Avant de repartir nous avions décidés de reprendre notre circuit depuis ce même petit village isolé. Si le départ « classique » du trekking de Huayhuash est facile d’accès, ce n’est pas le cas des localités situées à l’est de la cordillère comme Tupac. Pour se déplacer, il est parfois possible de trouver un collectivo ou un taxi lorsqu’on a raté le bus journalier… lorsque celui-ci existe ! Aucune information n’est disponible sur internet et sur place, dans les villages, chacun semble avoir sa version des horaires… Les (mauvaises ?) habitudes de notre vie quotidienne doivent être abandonnées et il faut se laisser porter par la vie locale. Tout abouti toujours, il faut réapprendre à patienter.
Finalement, un bus tout à fait correct assure une liaison entre Chiquian et La Union, ville dans laquelle il faudra passer la nuit. Arrivant tard dans cette ville, les rues sont sombres, et les quelques panneaux mentionnant « hospedaje » sont peu encourageants. Comme souvent il faut demander… dans la rue on nous indique le « Picaflor » (le colibri). L’établissement semble être une boutique et le propriétaire, surpris d’accueillir des touristes, nous fait passer dans l’arrière-cour pour accéder aux deux ou trois chambres dont il dispose. 25 soles la nuit pour deux (7 euros). Nous dormirons sans défaire le lit, dans nos duvets…

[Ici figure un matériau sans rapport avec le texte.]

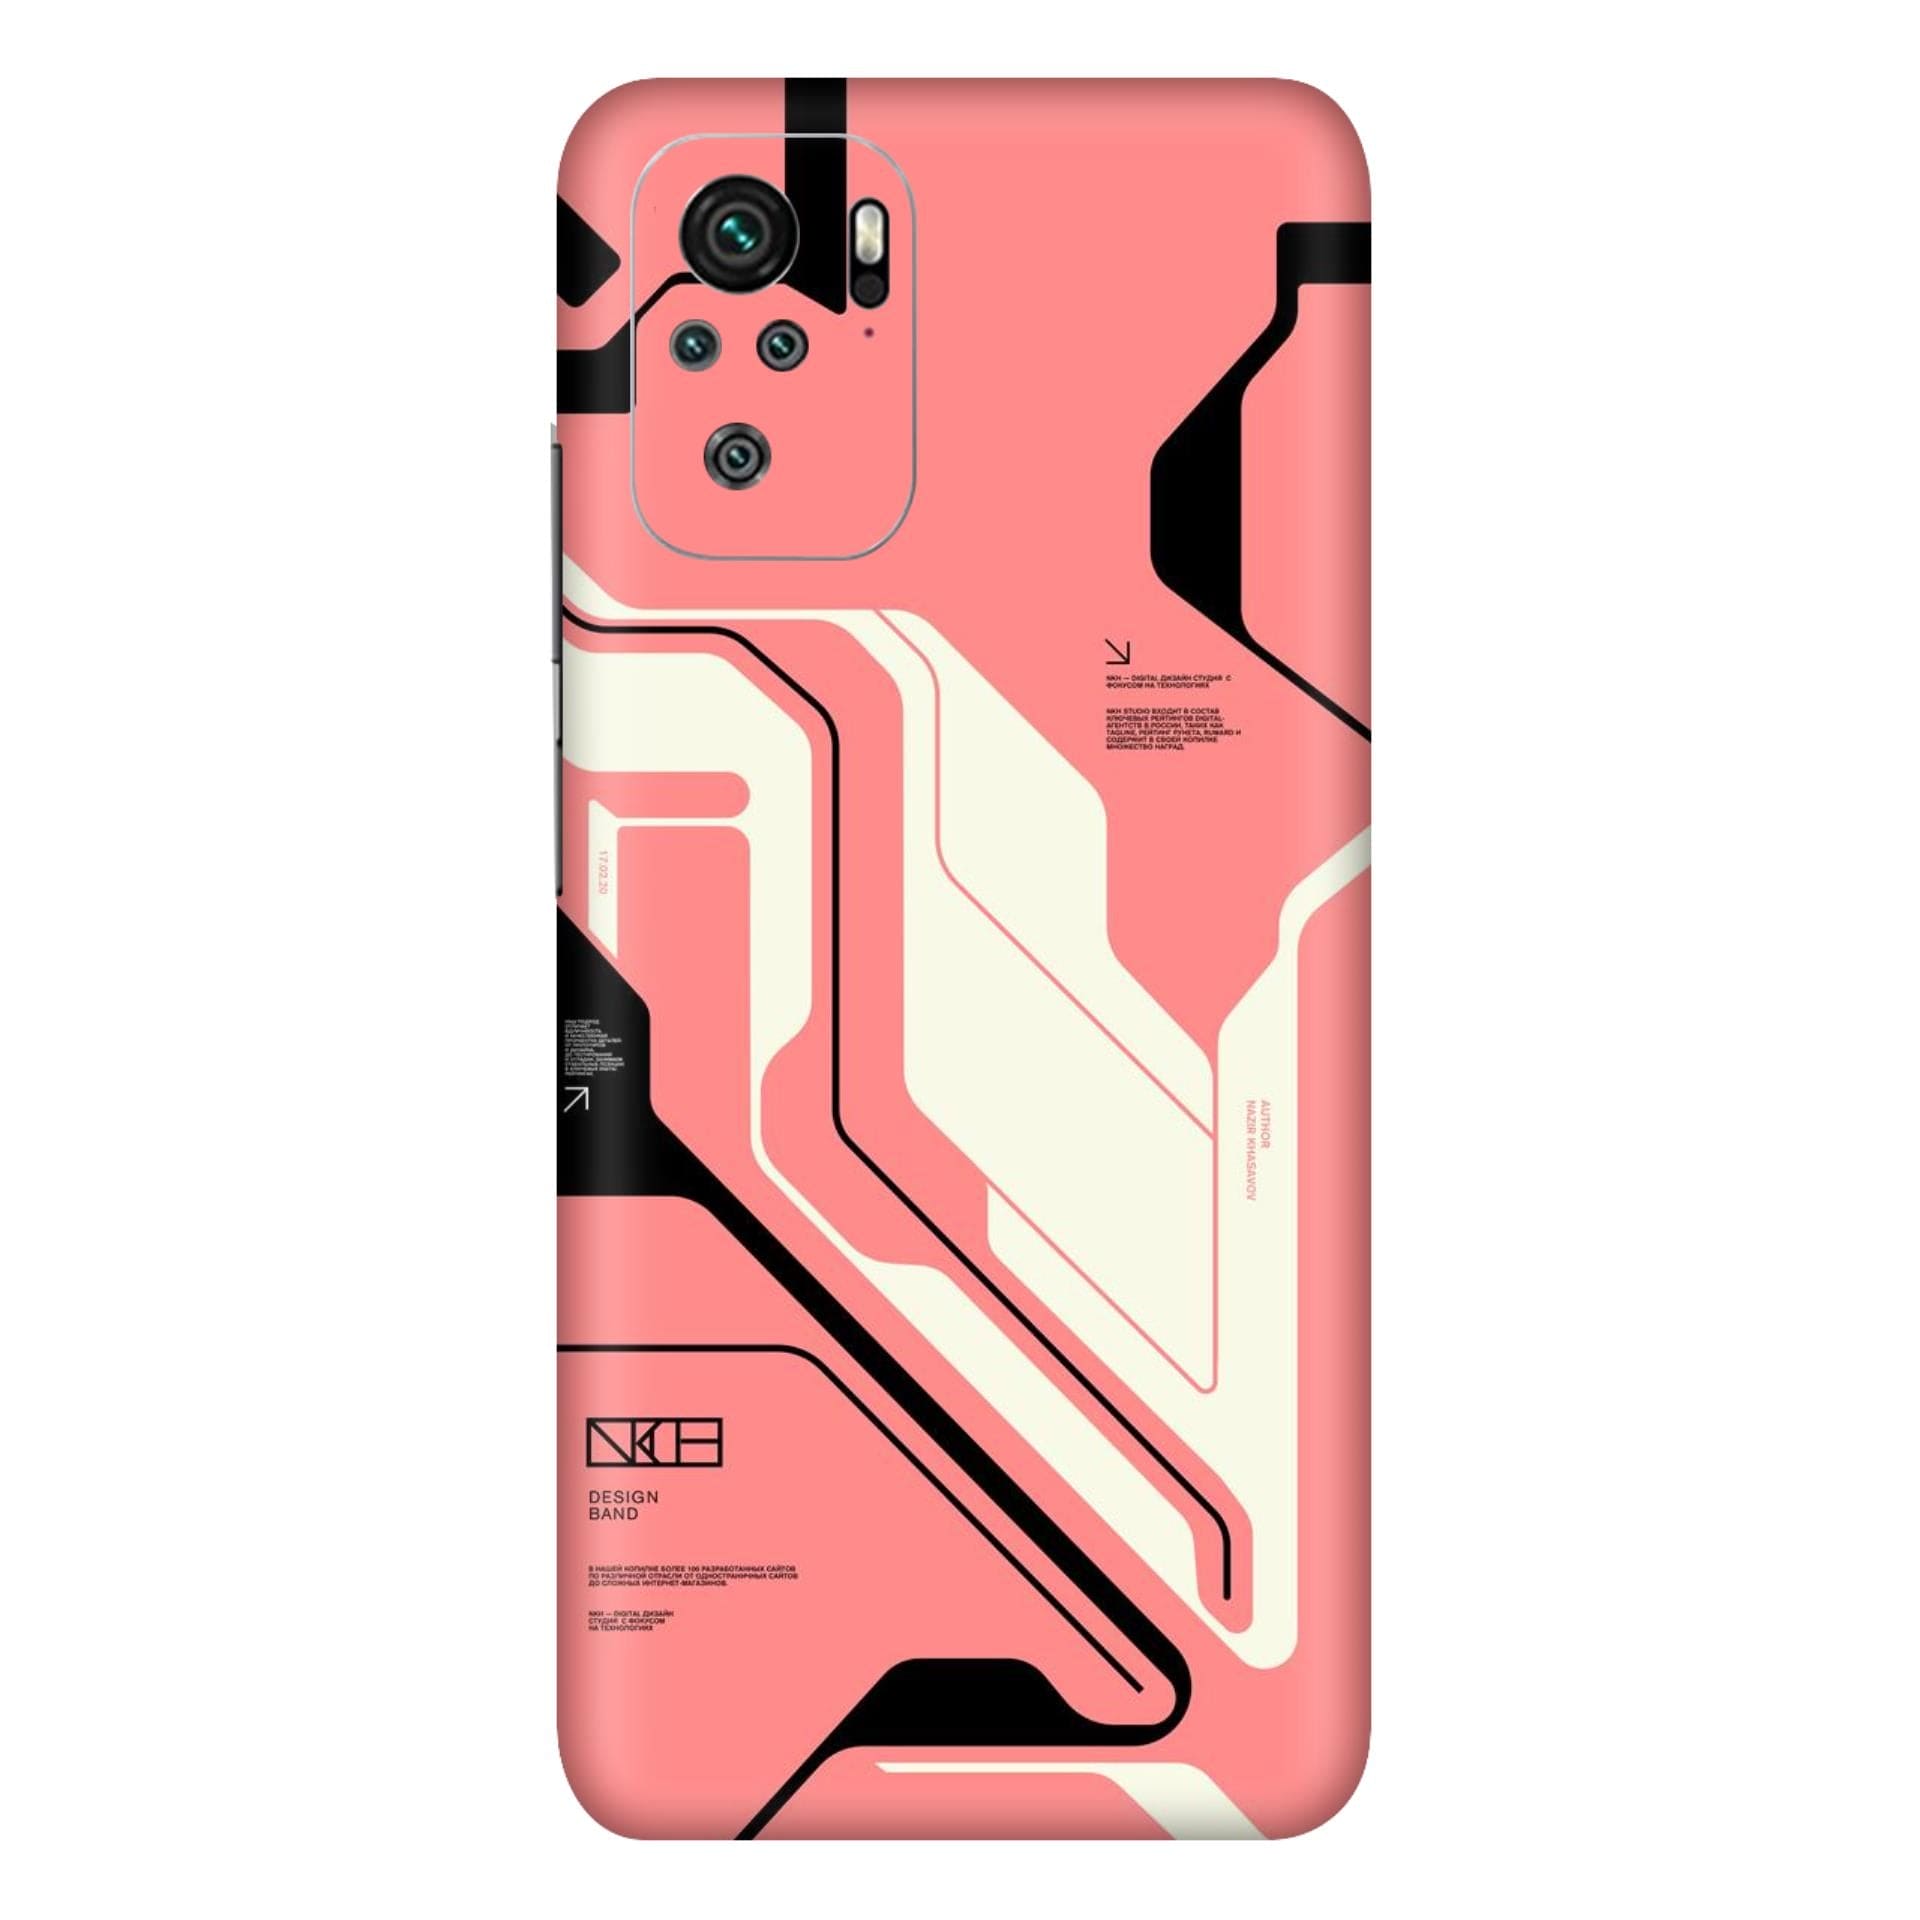 Redmi Note 10 Cyber pink skins
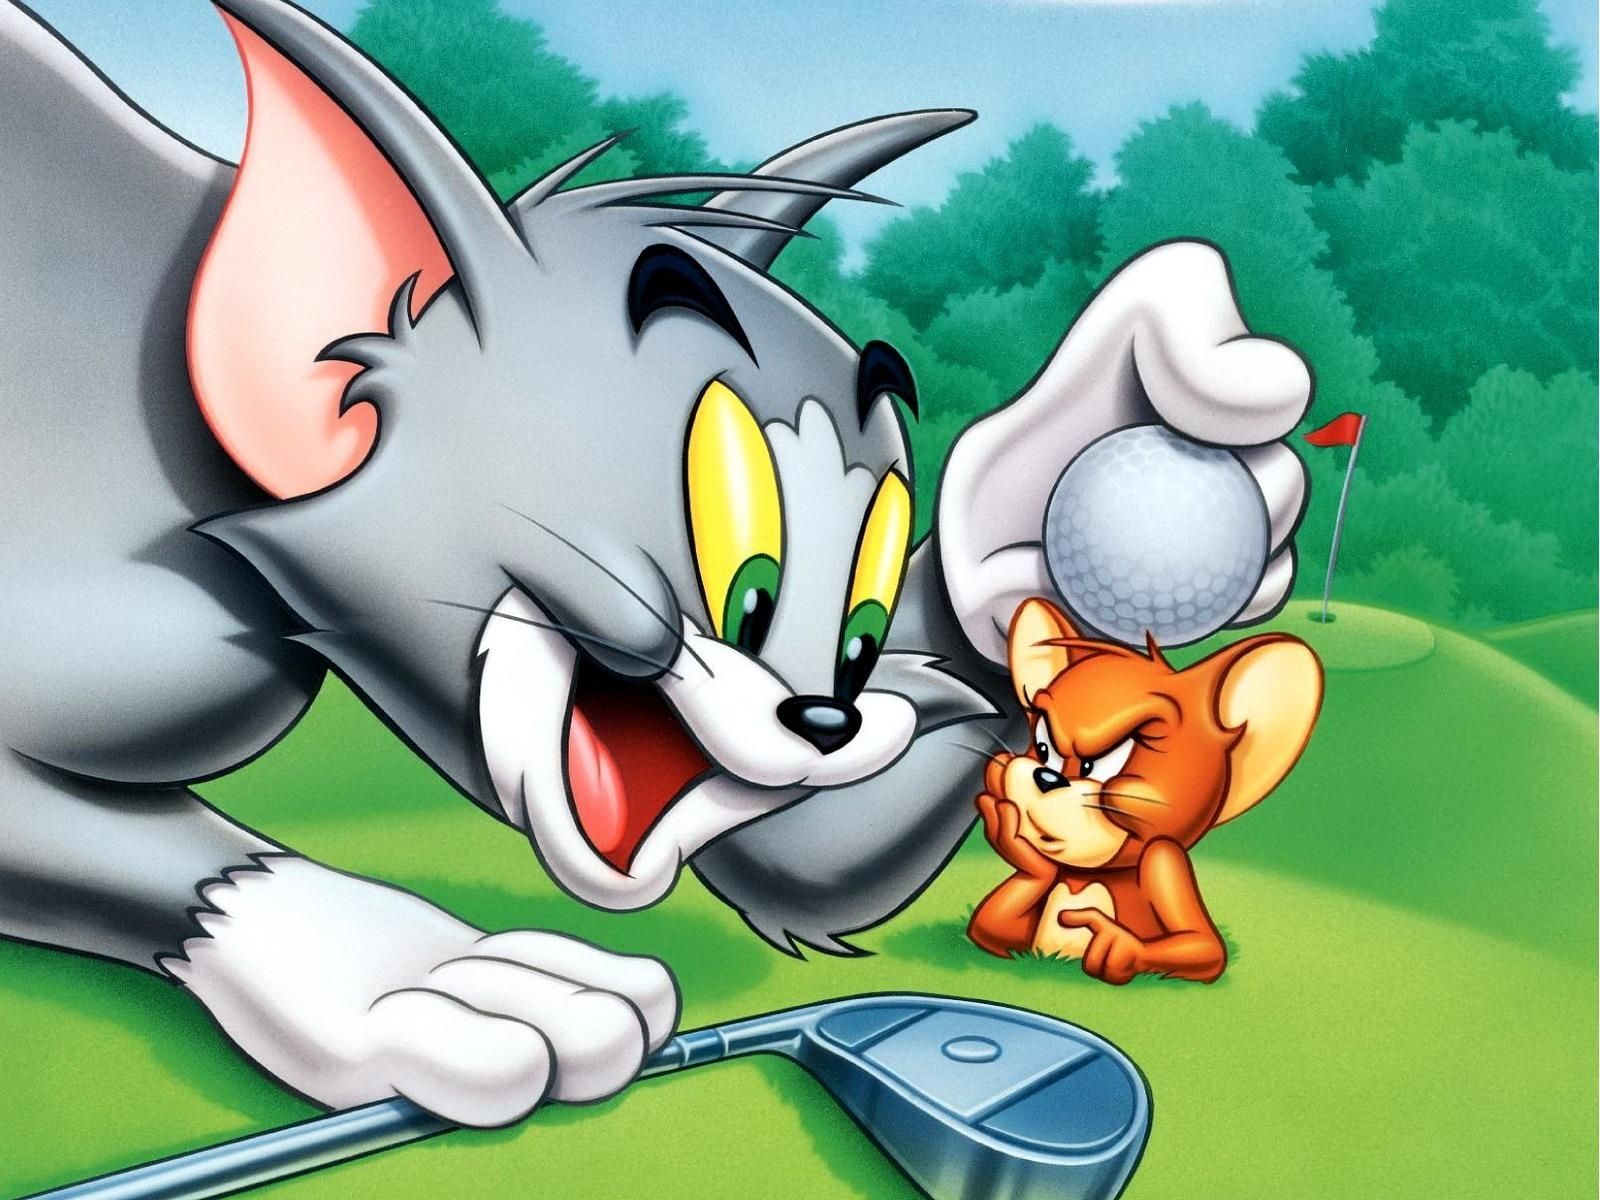 Tom a Jerry

A 5h30 du matin notre hôte toque à la porte : il a trouvé un combi qui part vers Baños, la dernière bourgade sur notre chemin. Le véhicule est vite plein : des passagers bien sûr, mais aussi un lit en kit, des barres à mine, des sacs divers et variés… La galerie supérieure sur laquelle se fixent nos sacs est un véritable monticule… Durant 3h, sur une piste poussiéreuse, le chauffeur évite les nids de poule, s’arrête pour laisser descendre quelqu’un au milieu de nulle part, prend un nouveau passager qui, loin de tout, patiente au bord du chemin. L’ambiance est sympathique et pour la première fois certains connaissent Tupac, notre destination ! À Baños un taxi attend des clients pour y monter.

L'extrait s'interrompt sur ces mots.